Required action
With the pictures excluded, reproduce all of the data exactly.

Information shown
--- START ---

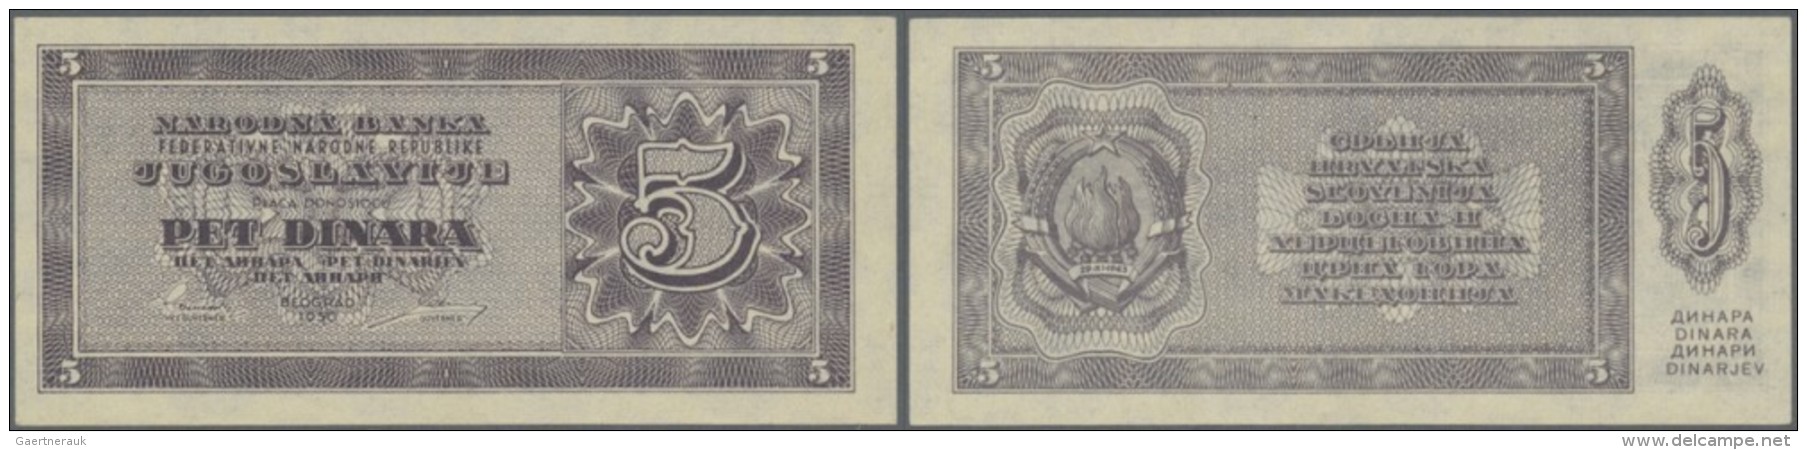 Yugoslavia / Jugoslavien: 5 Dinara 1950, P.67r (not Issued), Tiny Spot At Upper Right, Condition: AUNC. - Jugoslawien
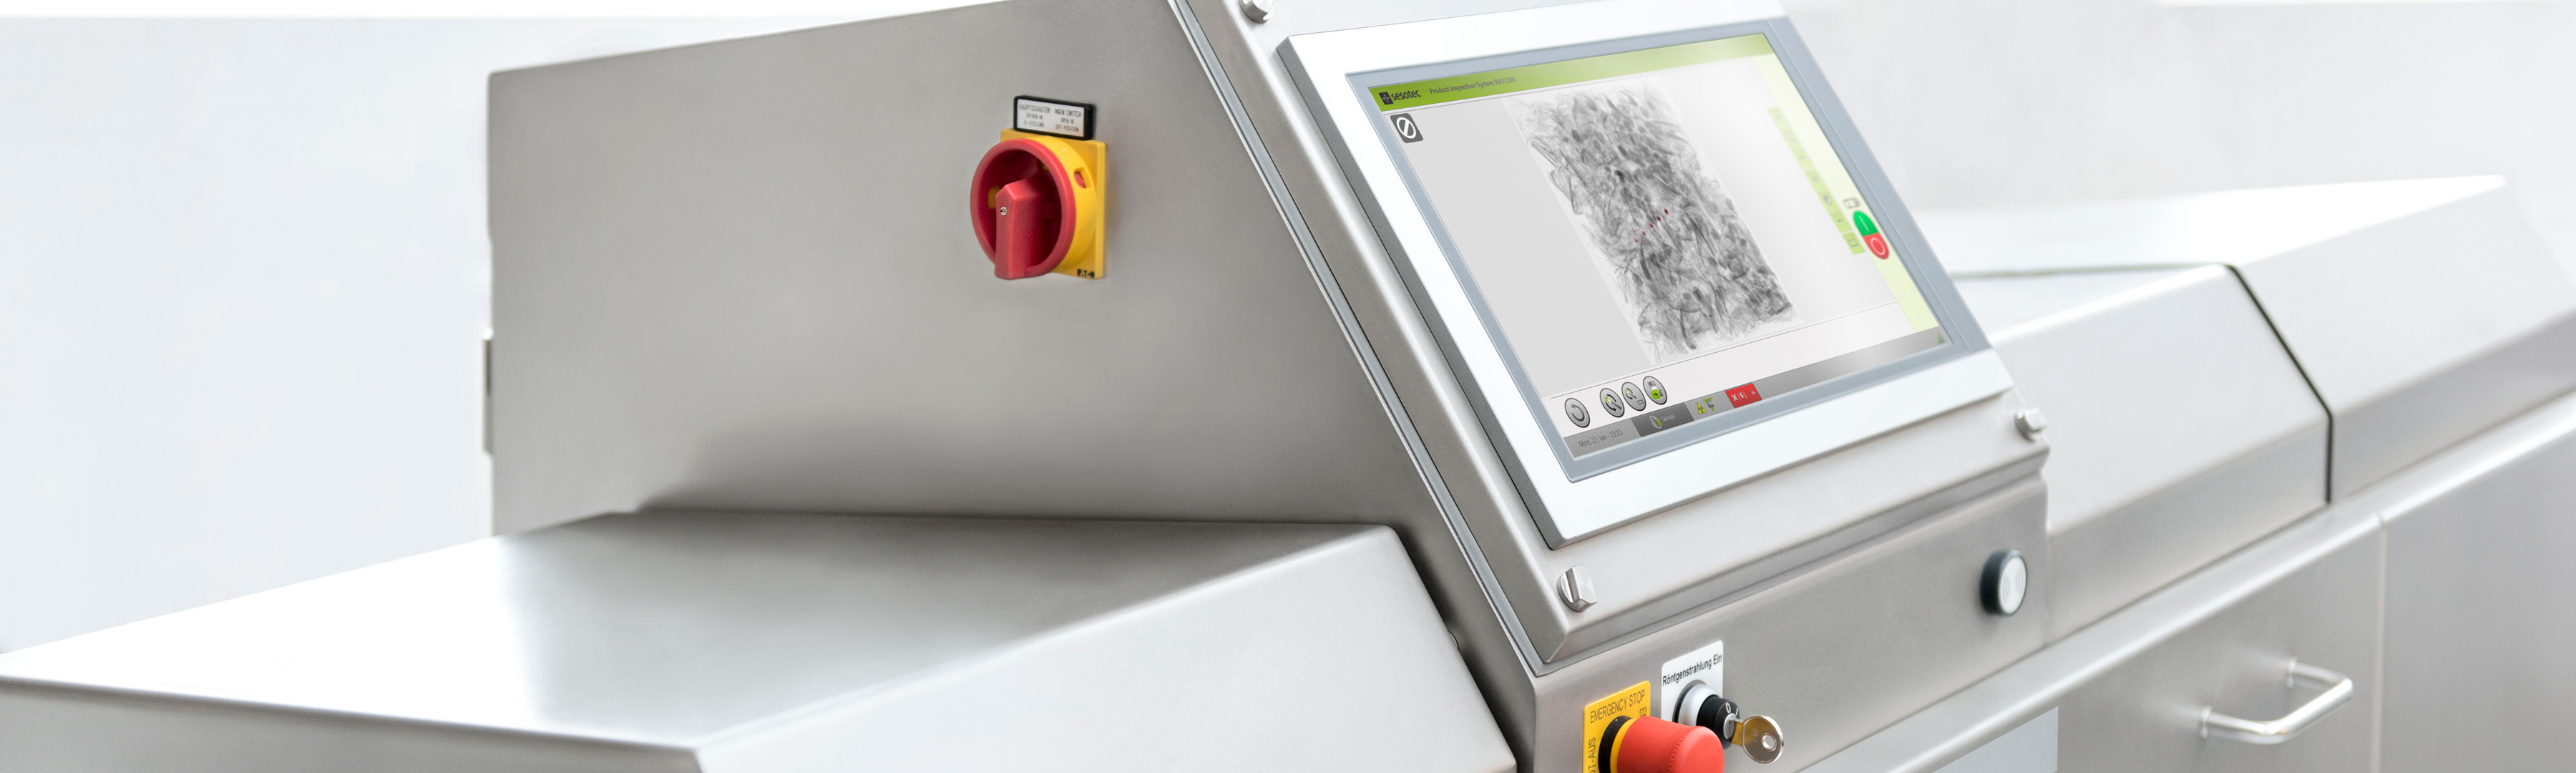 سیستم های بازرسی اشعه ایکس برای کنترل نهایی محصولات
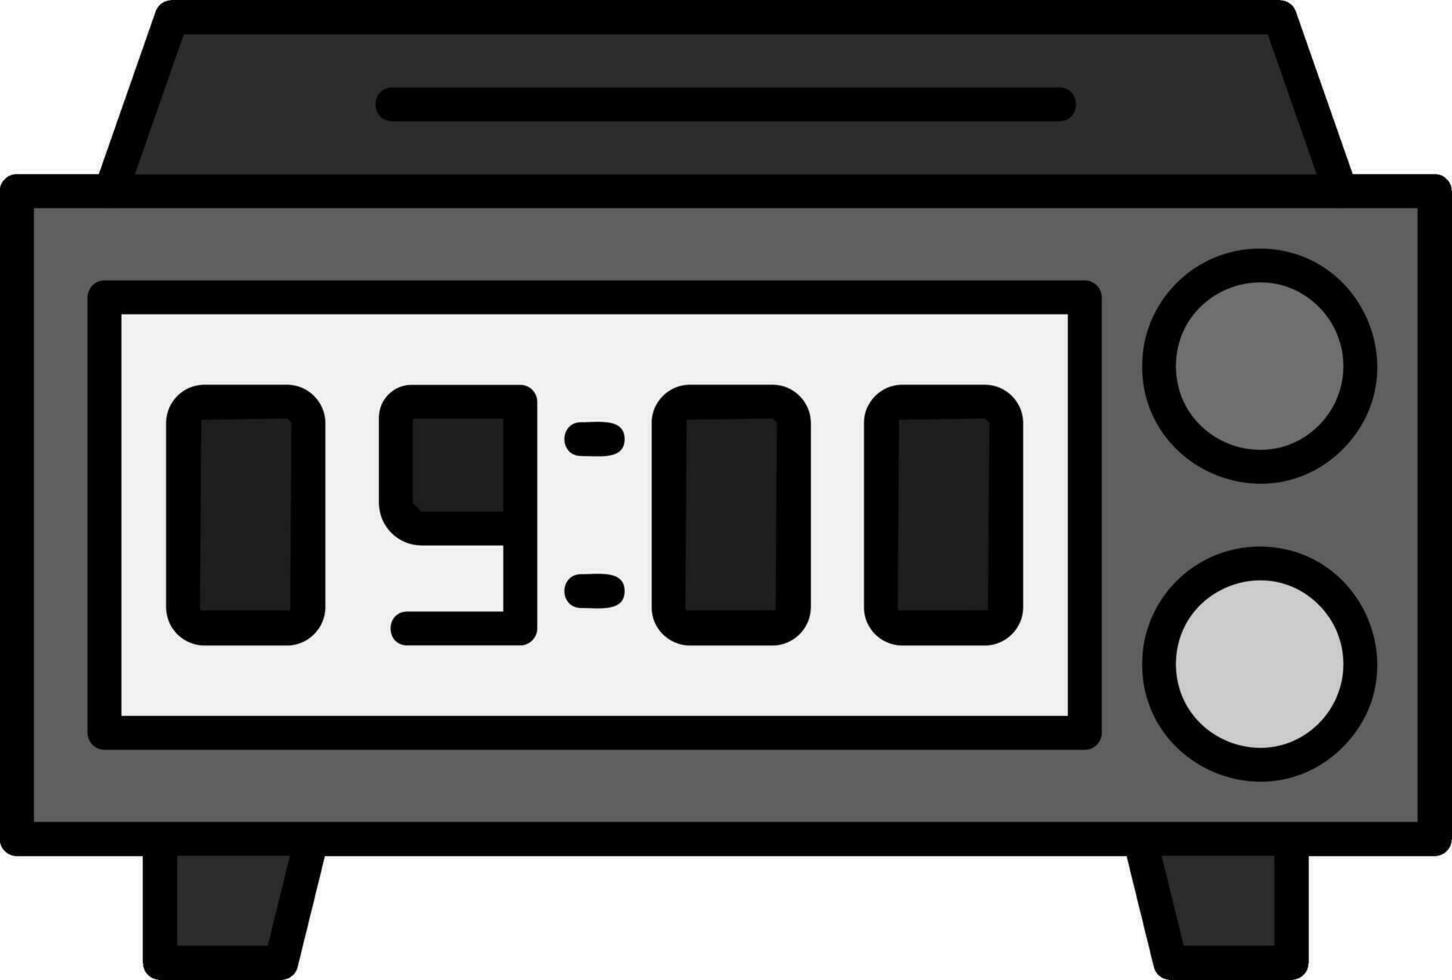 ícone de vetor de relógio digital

--- END ---

Response to this task
 Yugoslavia / Jugoslavien: 5 Dinara 1950, P.67r (not Issued), Tiny Spot At Upper Right, Condition: AUNC. - Jugoslawien
 سیستم های بازرسی اشعه ایکس برای کنترل نهایی محصولات
 ícone de vetor de relógio digital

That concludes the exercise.